The unit interval (0,1) is divided into two sub-intervals by picking a point at random from inside the interval. Denoting by \(Y\) and \(Z\) the

lengths of the long and the shorter sub-intervals respectively show that \(\frac{Y}{Z}\) does not have a finite expectation.

This is the 4th Problem ISI MStat 2008. Enjoy it.

- Distribution Function
- Distribution Function of \( \frac{1}{X} \) in terms of the Distribution Function of \(X\).

\( \frac{Y}{Z} + 1 = \frac{Y+Z}{Z} = \frac{1}{Z} \), where \(Z\) is the shorter length of the broken stick.

So, \( E( \frac{Y}{Z}) = E(\frac{1}{Z}) - 1 \).

Let's try to find the distribution of \(\frac{1}{Z}\).

Let \( U \) ~ Unif \((0,1)\) whcih denotes the random uniform cut.

The shorter stick of length smaller than \( x\) can be achieved if the stick is cut either before \(x\) or it is cut after \( 1-x\).

Observe that \( P( Z \leq x) = P ( U \leq x ) + P ( U \geq 1 - x) = x + 1 - (1-x) = 2x \). This answer is natural since, the total valid length is \(2x\).

\( P( \frac{1}{Z} \leq z) = P ( Z \geq \frac{1}{z} ) = 1 - \frac{2}{z} \Rightarrow F_{\frac{1}{Z}}(z) = 1 - \frac{2}{z}\) if \( 2 \leq z < \infty \).

Therefore, \(f_{\frac{1}{Z}}(z) = \frac{2}{z^2}\) if \( 2 \leq z < \infty \).

Hence, \( E( \frac{Y}{Z}) = E(\frac{1}{Z}) - 1 = (\int_{2}^{\infty} \frac{2}{z} dz) - 1 = \infty \)
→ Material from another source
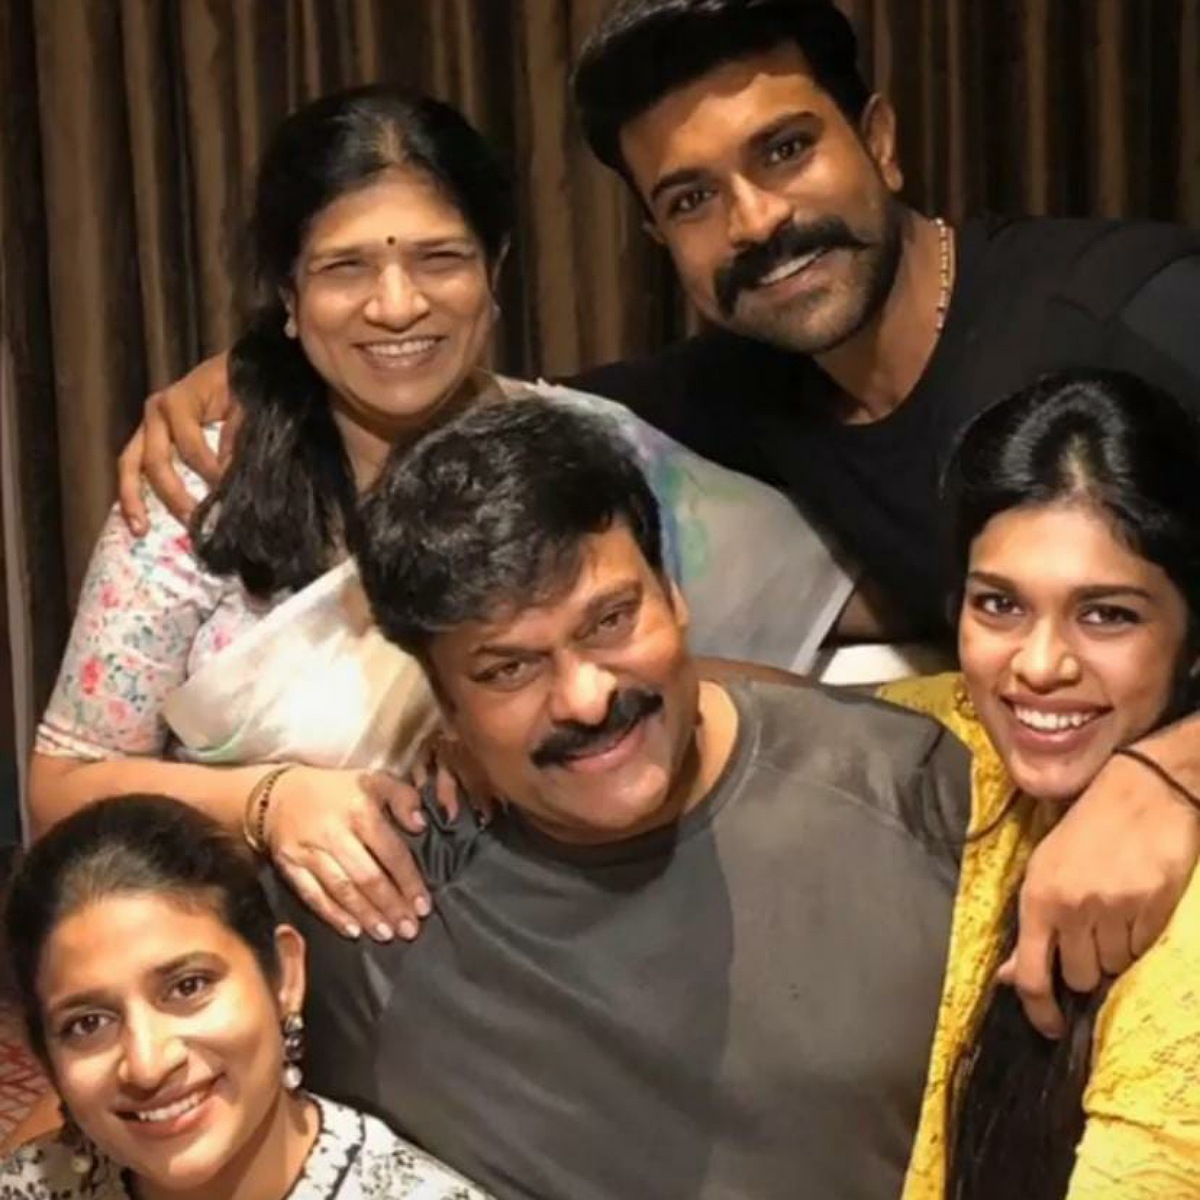 PHOTOS: Megastar Chiranjeevi puts family before everything and here are some heartwarming moments to prove it

Exercise: Prove that \(F_{\frac{Y}{Z}}(x) = \frac{(x-1)}{(x+1)}\) if \(1 \leq x < \infty \).

```
u = runif(1000,0,1)
w = 1 - u
Z = pmin(u,w)
Y = pmax(u,w)
YbyZ = Y/Z
plot(ecdf(YbyZ), xlim = c(0,50))
x = seq(0, 50, 0.01)
curve((x - 1)/(x+1), from = 0, col = "red", add = TRUE)
```

The Mean moves really slowly to infinity ~ logx. Hence it is really hard to show it is going to \(\infty\). Also, the probability of occurrence of high value is almost 0. Hence, it really hard to show my simulation that the mean is \(\infty\). But, we can show that the mean of the maximum values is really large.

```
v = rep(0,200)
m = NULL
for ( i in 1:200)
{
#v[i] = 100*i
u = runif(10000,0,1)
w = 1 - u
Z = pmin(u,w)
Y = pmax(u,w)
YbyZ = Y/Z
m = c(m, max(YbyZ))
}
mean(m) = 79079.43
```

Beware of the simulation, it can be totally counterintuitive. This is really enjoyable though.

Stay Tuned!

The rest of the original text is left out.